I'd rather believe that someone would lie to damage the other side in the ongoing class war, on the one hand, and the war for audience, on the other. Wowsers!
I'd rather believe people are that dishonest than believe they are that stupid. I don't know that I do believe that, but I know that's what I'd rather believe.
I guess that means I get the Lily, today.
Friday, September 12, 2008
class warfare
One of these days I'd like someone to say, in response to this "argument," that the changing of those marginal rates downward by the Bush administration was also "class warfare." The destruction of unions, the tax structure favoring the wealthy, the subsidies and tax credits handed out to people and corporations who are in that $250,000 a year + class while similar breaks and subsidies for middle income families are cut--all that amounts to redistribution of the wealth and class warfare that is waged by the "side" wearing the same colors as Mr. O.
There is no other answer that has integrity and in the end none that really make ssense.
You cannot win that argument, Barak, until you frankly say that groups are constantly vying with one another in this economy about how the income is divided and that this is a legitimate vying and that we need to acknowledge that and put it on the table where we can openly engage in some rule making to govern the process and make it fair. That would simplify all this considerably, wouldn't it?
The way it is right now it's an unregulated war and a denied war--so those waging it aren't scrutinized or held in check by concepts of fairness applied to their behavior...not exactly harmony, is it? Peace? Equality? People who have it can portray themselves as exploited by taxes and never have to explain how they exploited others by using the government to get it, in the first place.

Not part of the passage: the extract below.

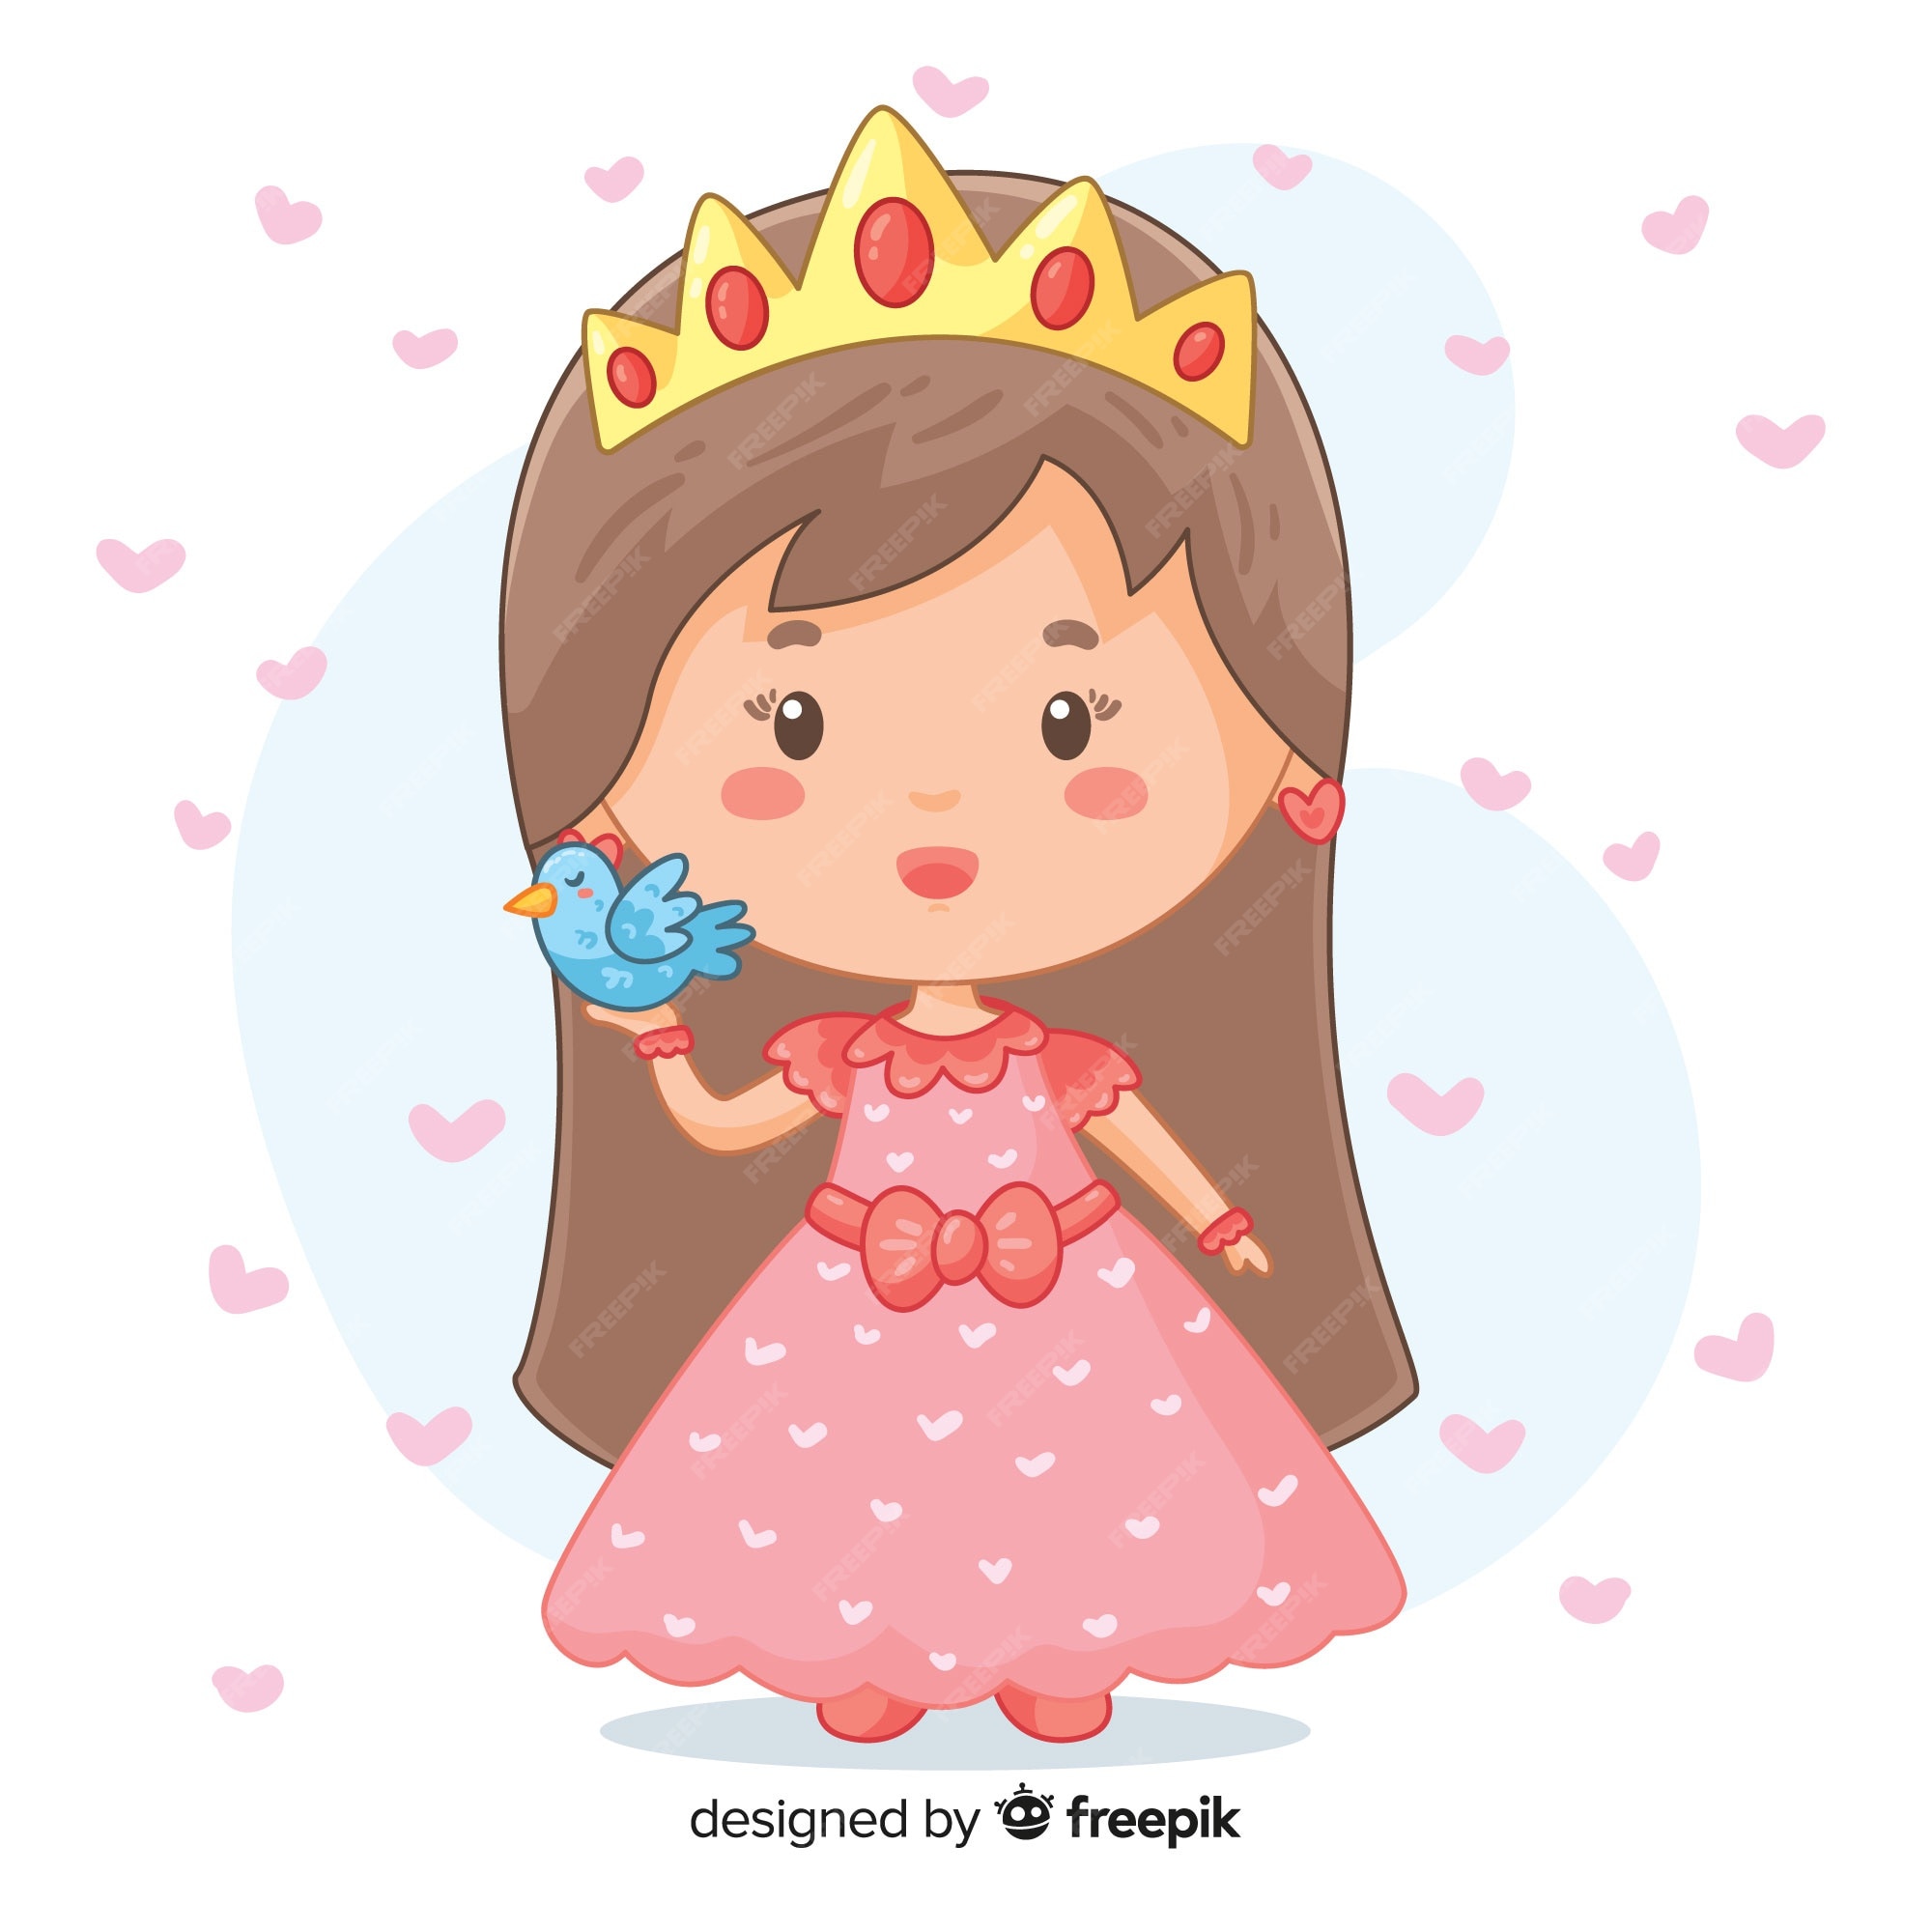 Imágenes de Princesa Dibujo - Descarga gratuita en Freepik
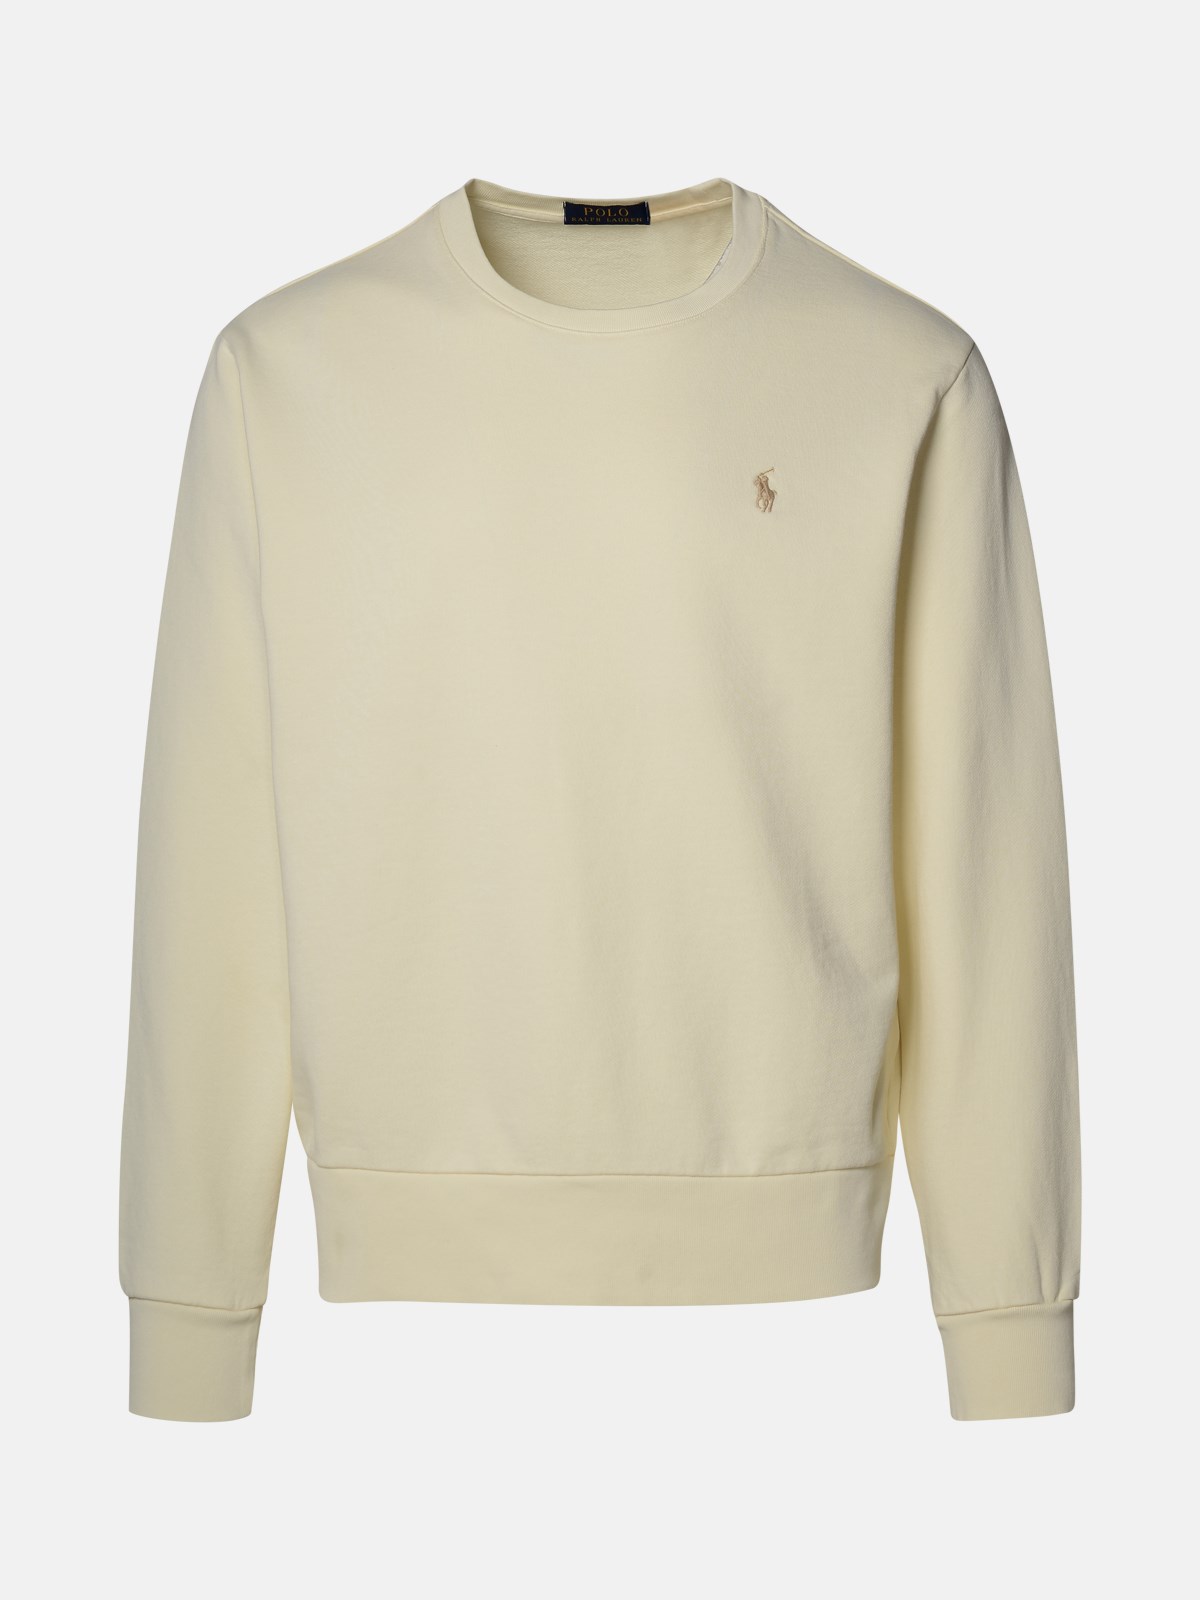 Polo Ralph Lauren Ivory Cotton Sweatshirt In Cream

Our incomes are not "ours" in the sense that no one else contributed to our making it. We are part of a system and we take our incomes out of a system, benefitting from the efforts and investments (especially public investments) of others. We all owe the system so as to keep it working for us and for others as it does. We are all in this together. It's an interdependent community.
Why is it so radical to propose that people who take more out of this economy--and have the power to structure it so that they do take more out than others--should not be required to pay more to keep it working for them?
Who is offended when people who sit in the best seats pay for the highest priced tickets?
Class warfare? Duh!
Say it, Barak. Own it. It's true.
And as long as we deny it then it cannot, as it is the function of the truth to do, set us free.